Mad Tomato Review

Sharpness and Warmness: The Happy Medium of Both at Clayton’s Mad Tomato

By: Tara Williams

Mad Tomato, an Italian restaurant located in downtown Clayton, offers customers a wide variety of traditional Italian food with some American flare. The restaurant itself is decorated thoughtfully with wine shelves behind the bar and art-décor paintings covering the walls. A single nutcracker sat in the middle of the wine shelf and a warm hearth fire sizzled nearby, offsetting the sharp and clean lines that the room brought upon itself. The ambiance was casual and inviting, and the server that attended to us shortly upon our arrival was lively and friendly. Her suggestions for our orders helped narrow down our meal selections of the night. We ordered the calamari, Pasta Puttanesca, and the featured dish of the restaurant, toasted ravioli. We also order the Funghi Pizza, which showcased their featured ingredient of wild Ozark Forest Mushrooms.

The first dish to arrive was the calamari. Much to my surprise, the dish was served alongside banana peppers. I meticulously picked at one calamari while my father tried it, jokingly telling me that “I wouldn’t like it,”. I considered this a challenge, and hastily forked the food into my mouth. The salty and fatty flavors of the calamari were balanced with the sharpness of the banana peppers, much like the décor of the place. The flavors swirled in my mouth, and to my surprise, I thoroughly enjoyed the two flavors together. I suddenly felt like Remy the Mouse, from Disney’s, Ratatouille.

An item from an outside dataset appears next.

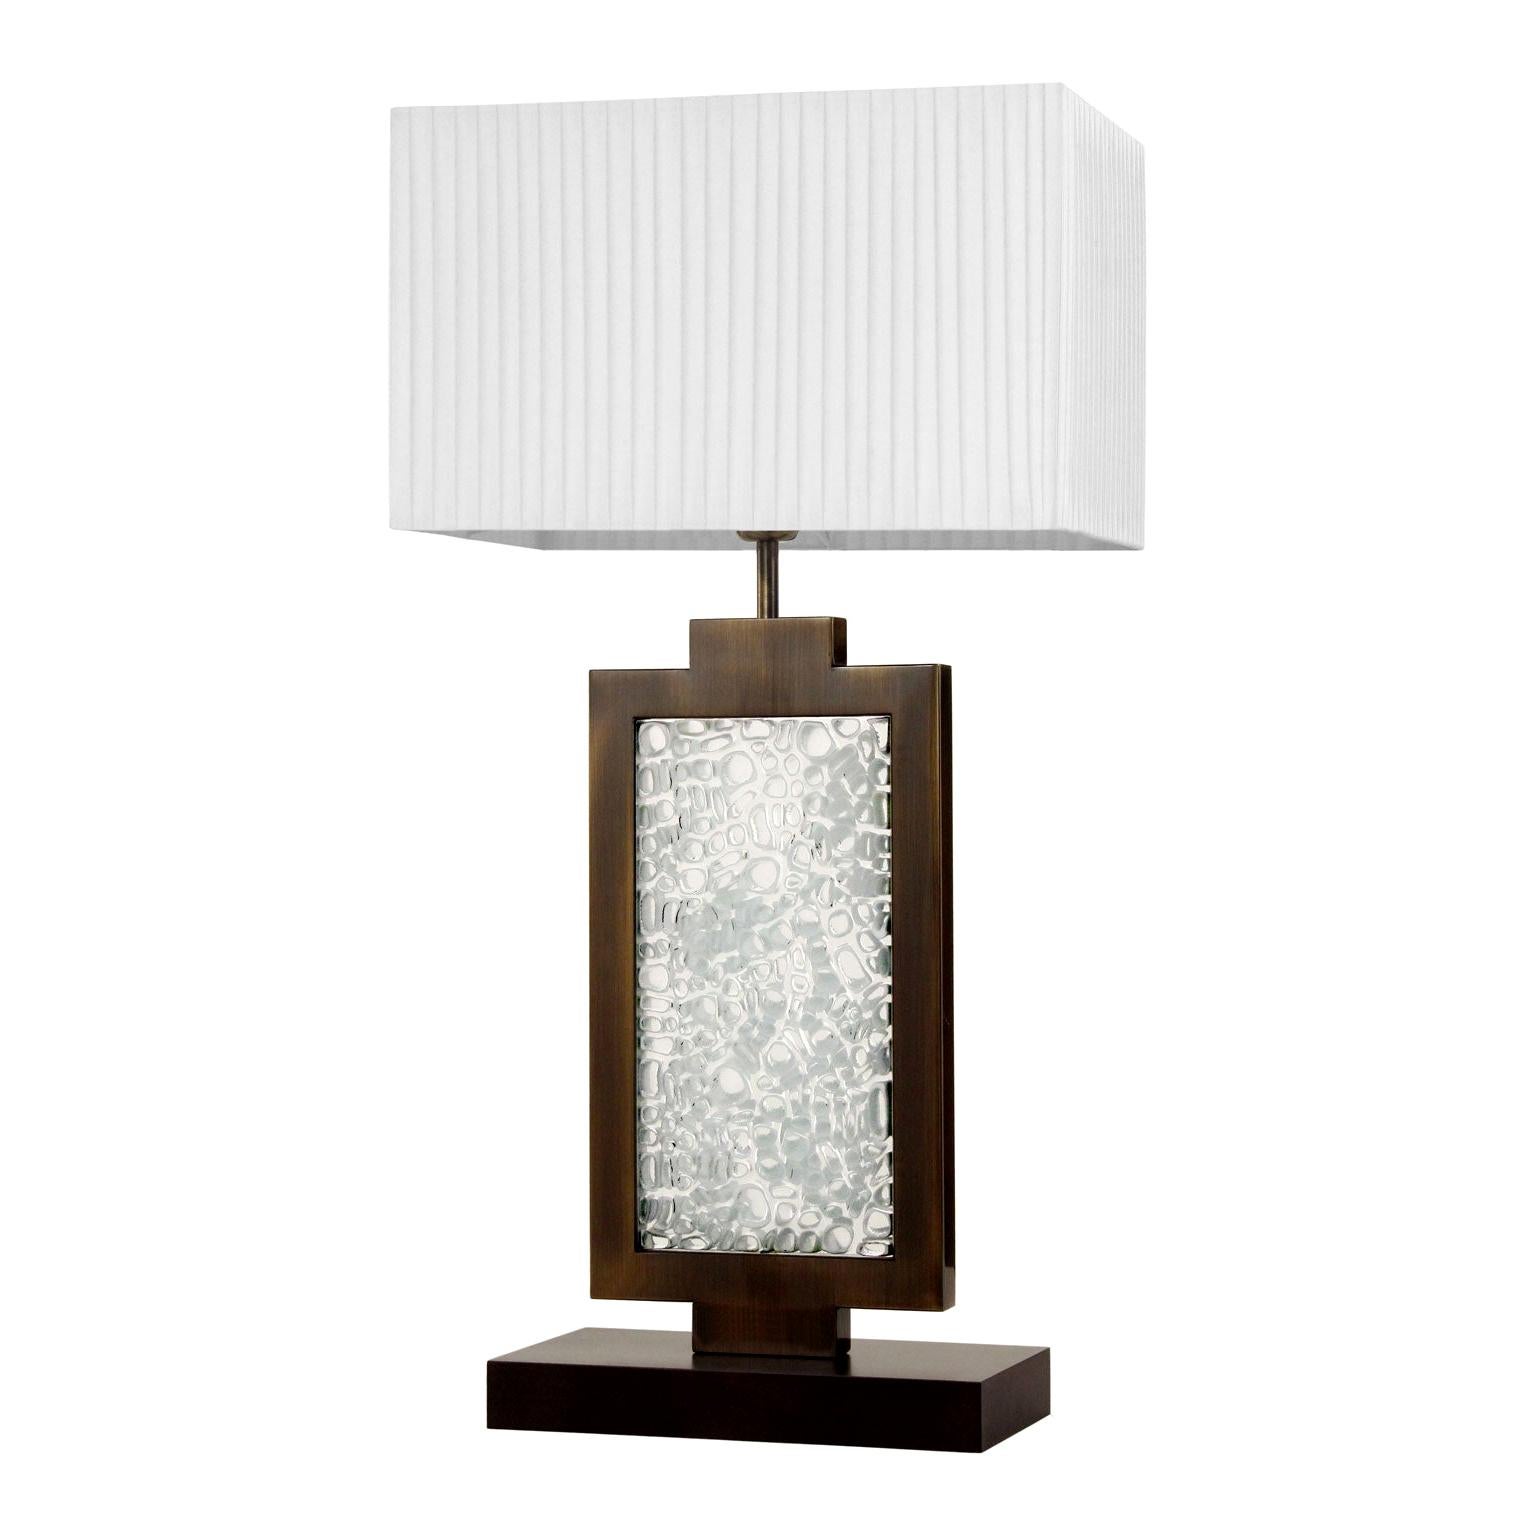 Table Lamp Artistic Murano Glass Block, white Lampshade by Multiforme in stock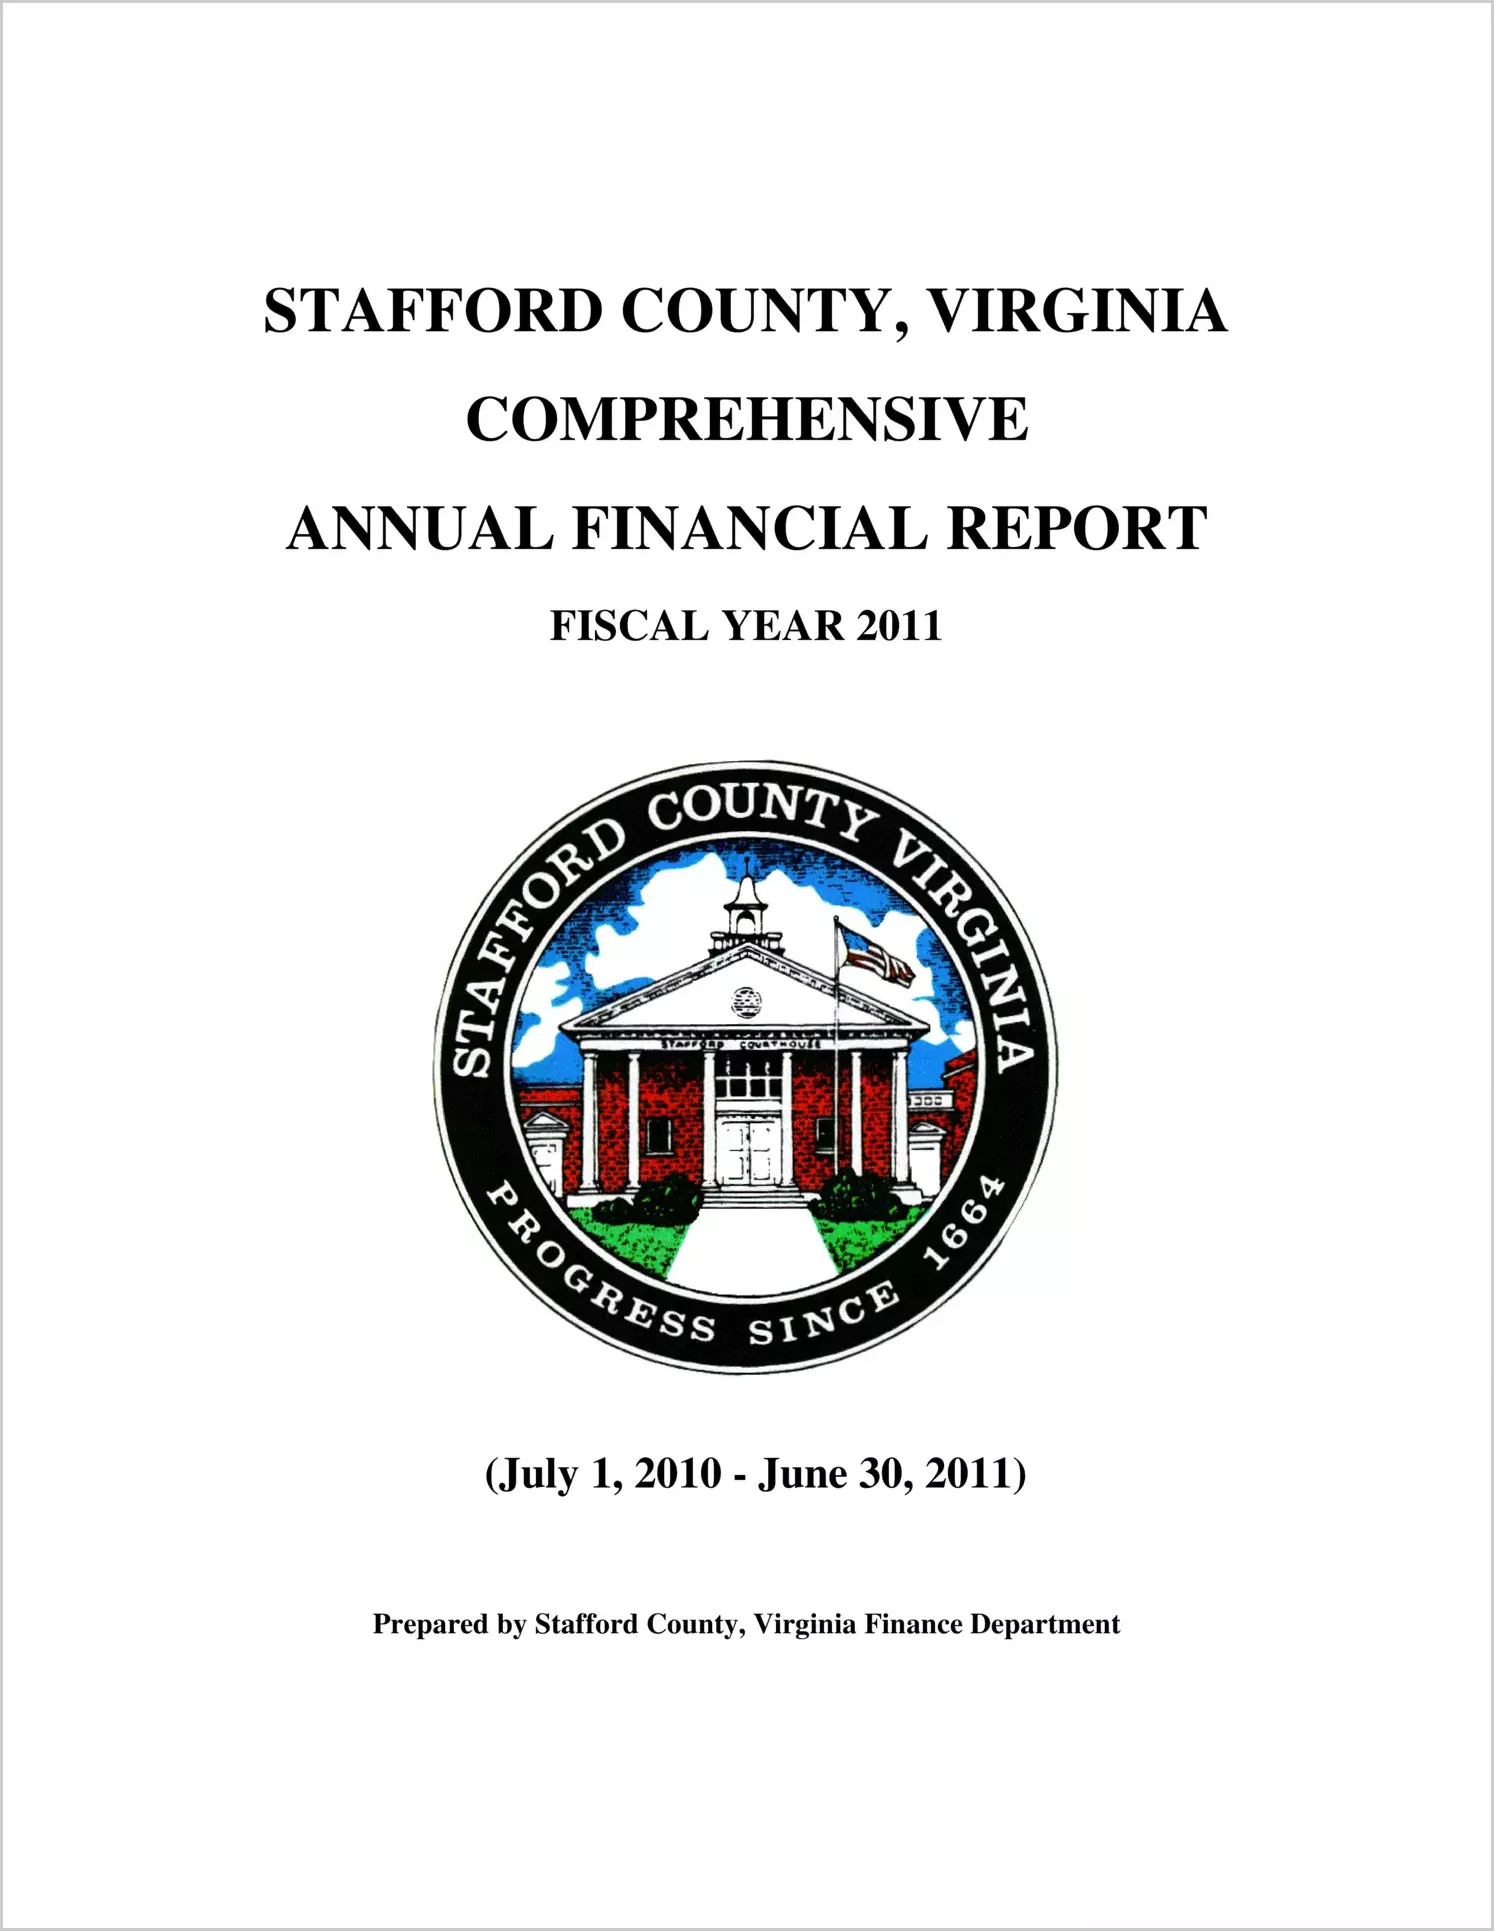 2011 Annual Financial Report for County of Stafford

The next dish was the toasted ravioli, the restaurant’s featured dish. When the plate arrived I inhaled the warm wafts of air radiating from the dish, reminding me of home. The Toasted Ravioli, considered a delicacy in St. Louis, was everything that I hoped it would be. The crispiness of the shell and the seasoning was perfectly balanced with the soft filling of the ravioli. The next dish was the Pasta Puttanesca. I admired the colorful dish, sporting the colors of red, green, yellow, and brown. The pasta was homemade, which I observed by looking at it. The imperfections of the pasta; the bumps and clumps, the holes and the unmanufactured lengths of each strand was everything that made the dish.  The sauce was tangy and sweet, with quite a kick of chili, proving that the chef could create a fantastic and truly authentic Italian dish. Our final dish was the Funghi Pizze. When it arrived at our table, I felt as though I was bursting at the seams. The fumes of the pizza, however, made me drool, and I was enticed and invited by the pizza for me to take one bite. I did, and an explosion of different flavors erupted in my mouth all at once. The fungi were very unique tasting and exquisite with the spice of the arugula. My last bite was one of the warm and glutinous dough of the pizza and the sharpness of the cheese sprinkled on top. This bite was the intersection of sharpness and warm undertones, as was the spirit of the pleasant restaurant.

Mad Tomato, is the fusion of, American and Italian cuisine, homeliness and hipness, sugar and spice, and everything nice.